What to work on: Output all of the data exactly, keeping any images out of the copy.

Given material:
* * * * *

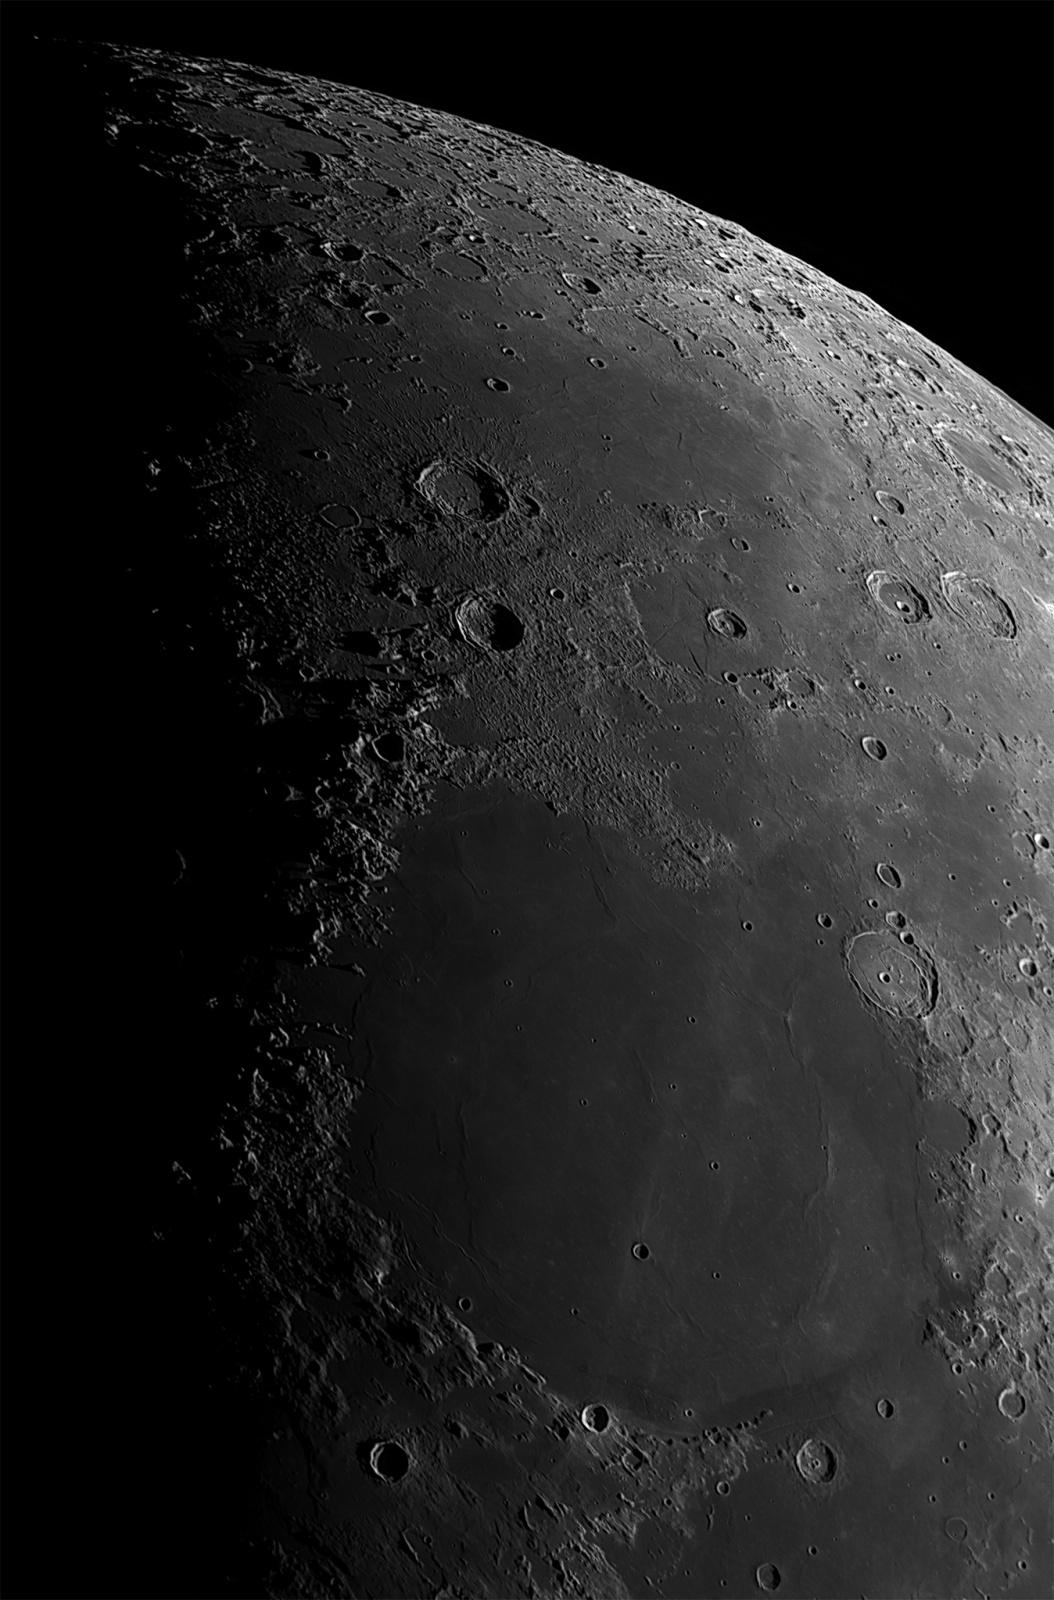 2021-03-20-1959_2-U-L-Moon_c8_L_north_lapl3_ap296_conv_regi_ps_FB.jpg
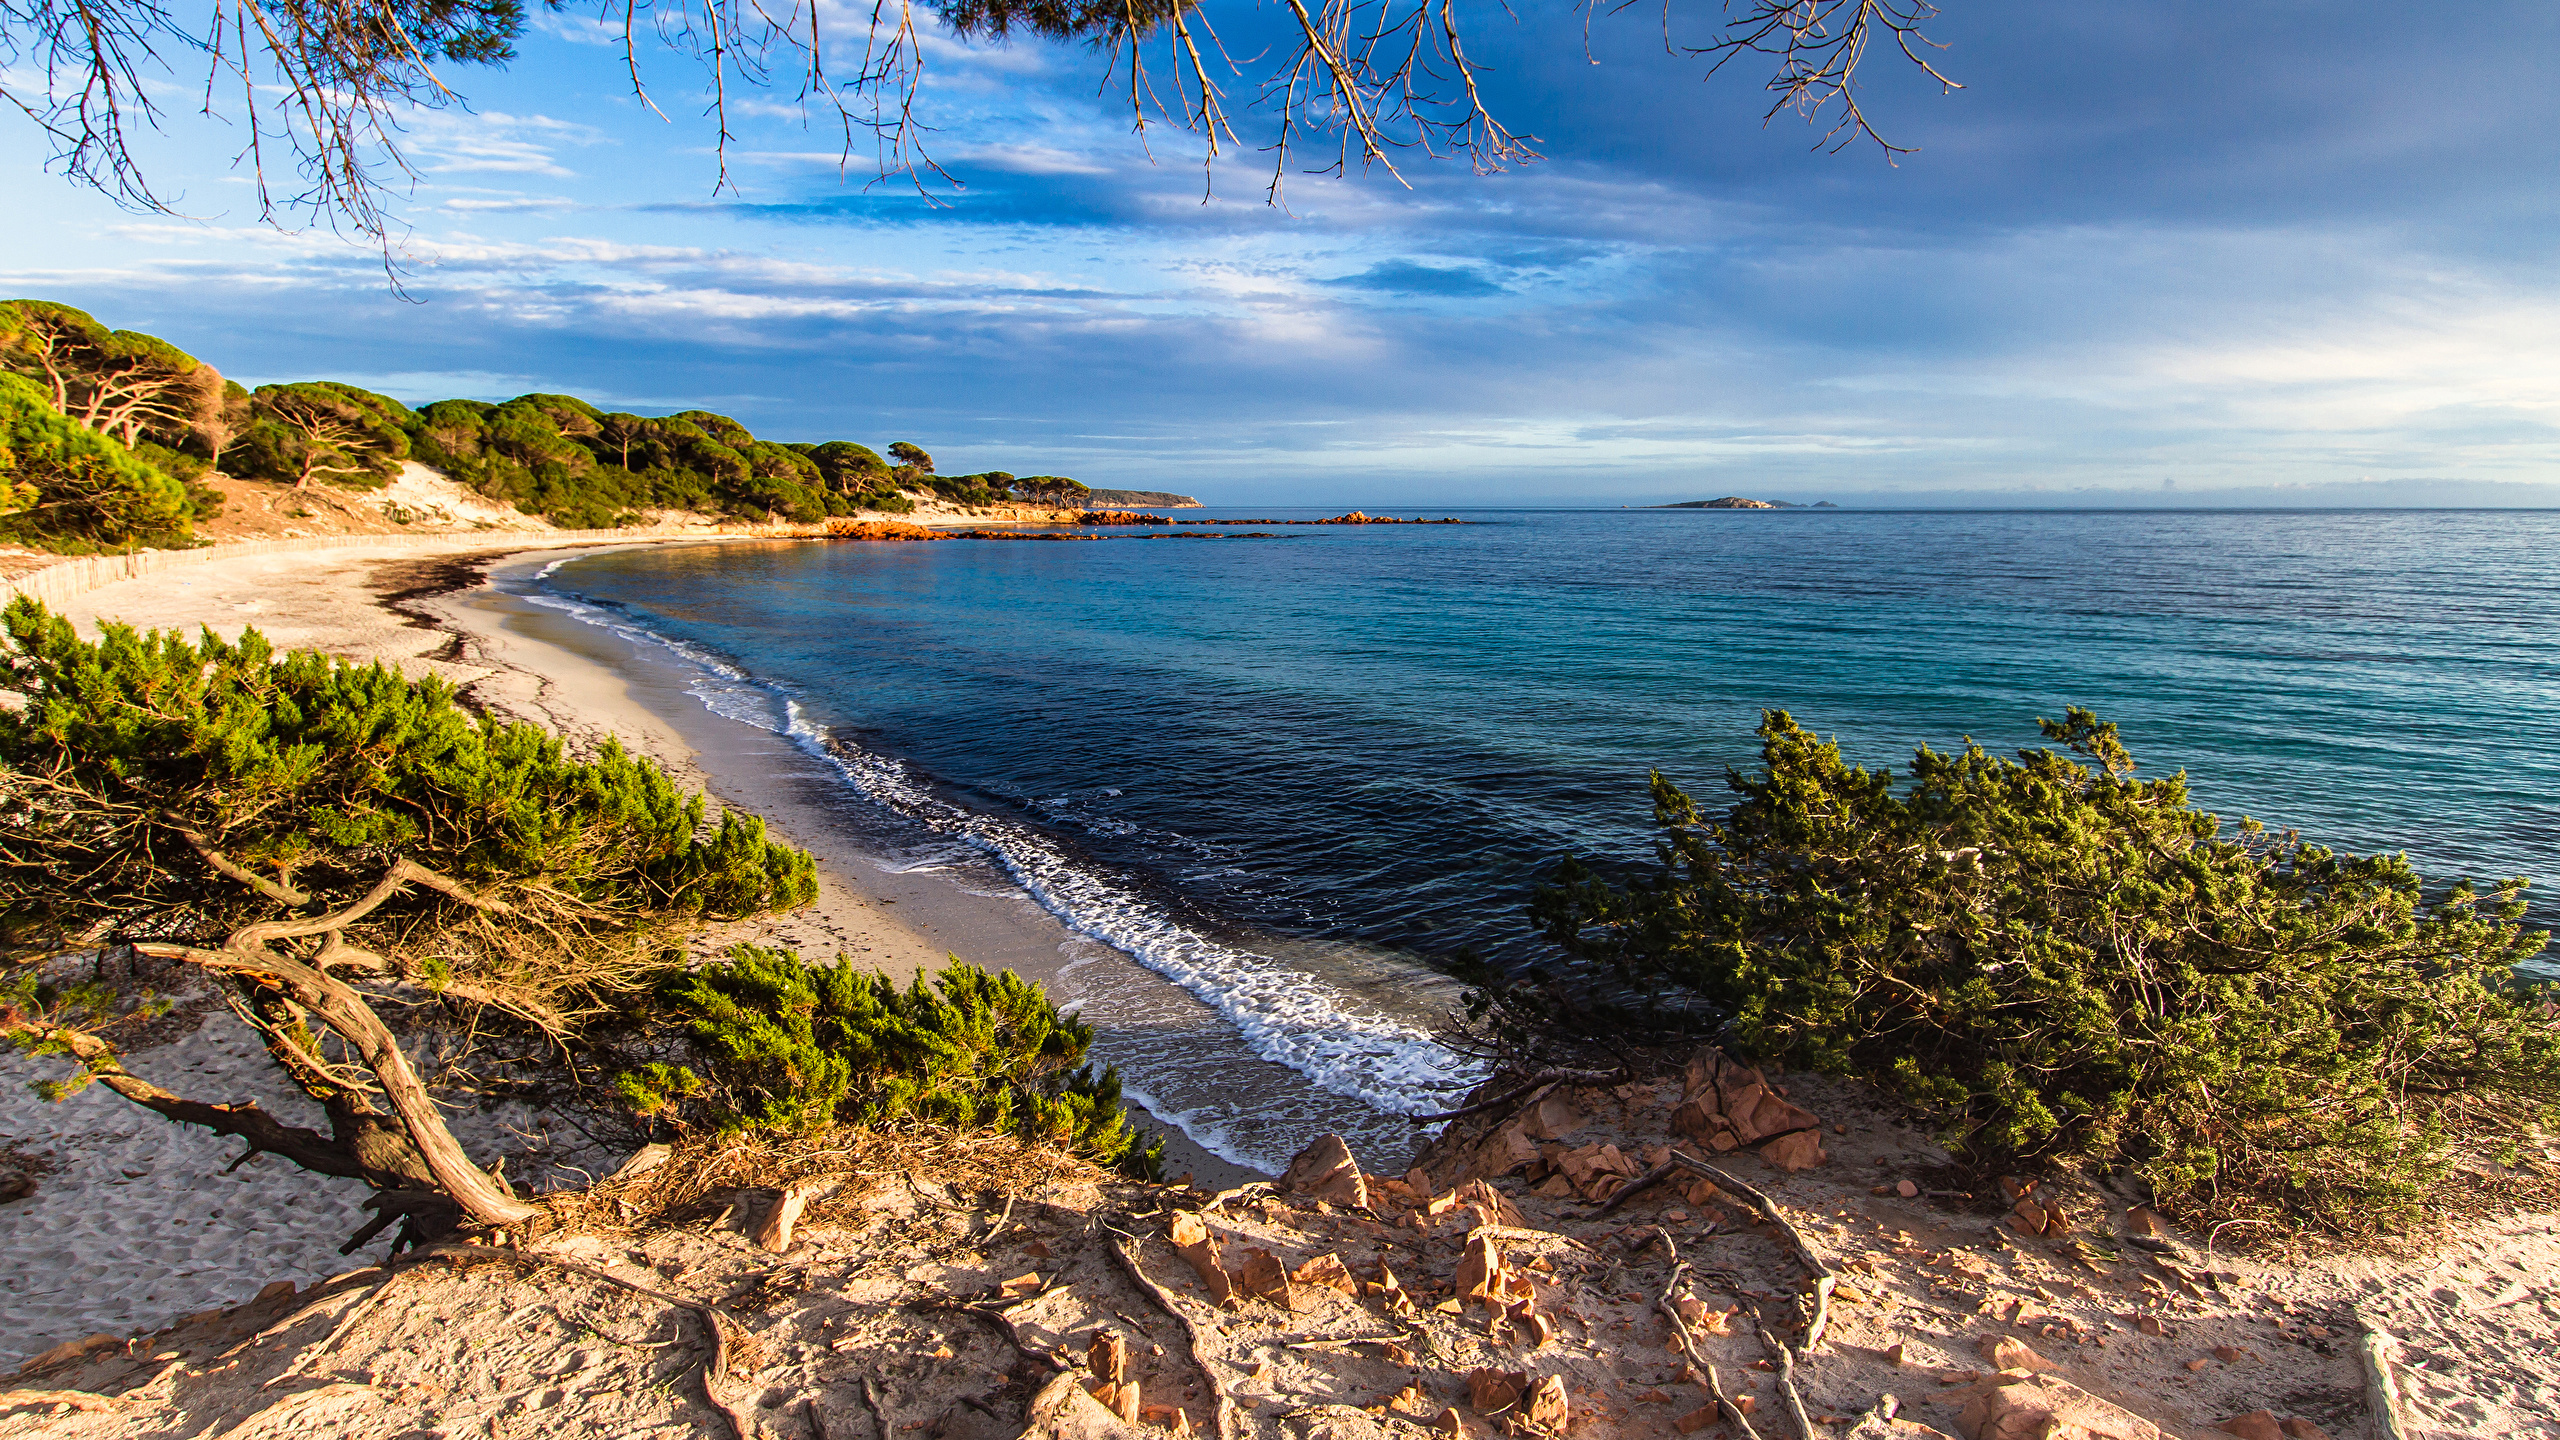 Desktop Wallpapers France Corsica Nature Waves Coast 2560x1440 2560x1440
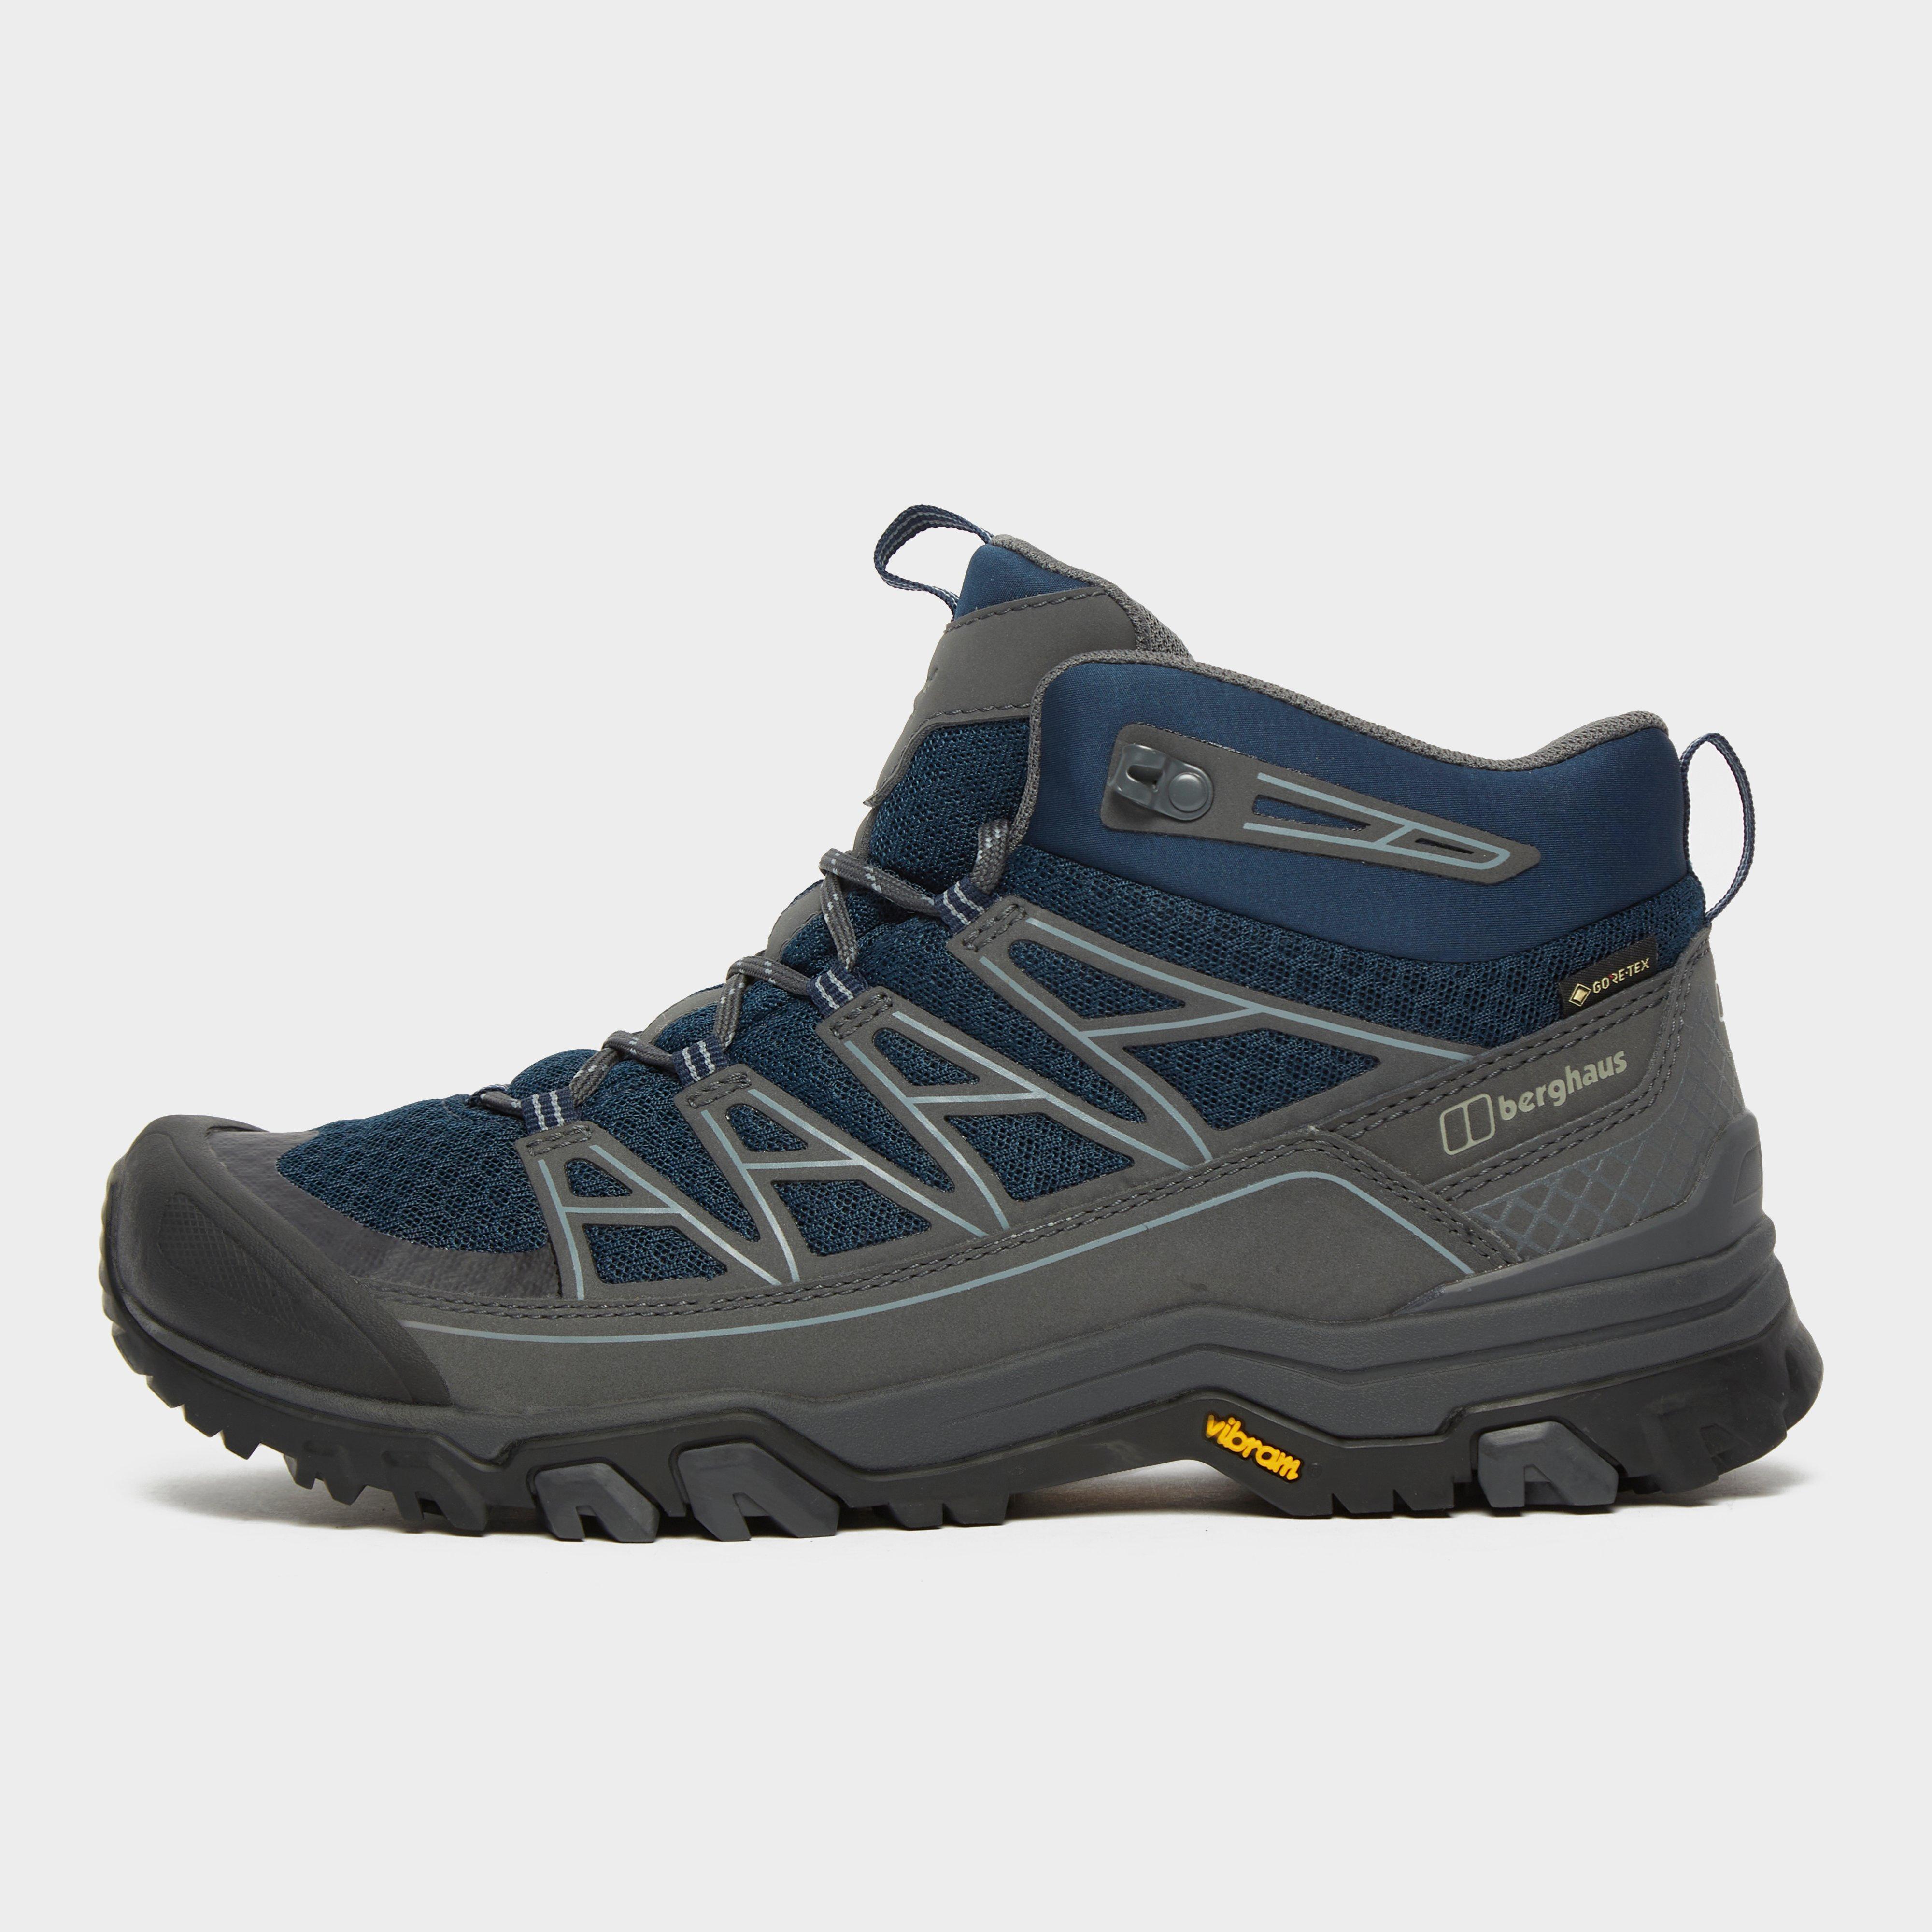 Berghaus Womens Expanse Mid Gore-tex  Walking Boots - Navy/dbl  Navy/dbl

* * * * *

Problem solution:
 2021-03-20-1959_2-U-L-Moon_c8_L_north_lapl3_ap296_conv_regi_ps_FB.jpg
 Desktop Wallpapers France Corsica Nature Waves Coast 2560x1440 2560x1440
 Berghaus Womens Expanse Mid Gore-tex  Walking Boots - Navy/dbl  Navy/dbl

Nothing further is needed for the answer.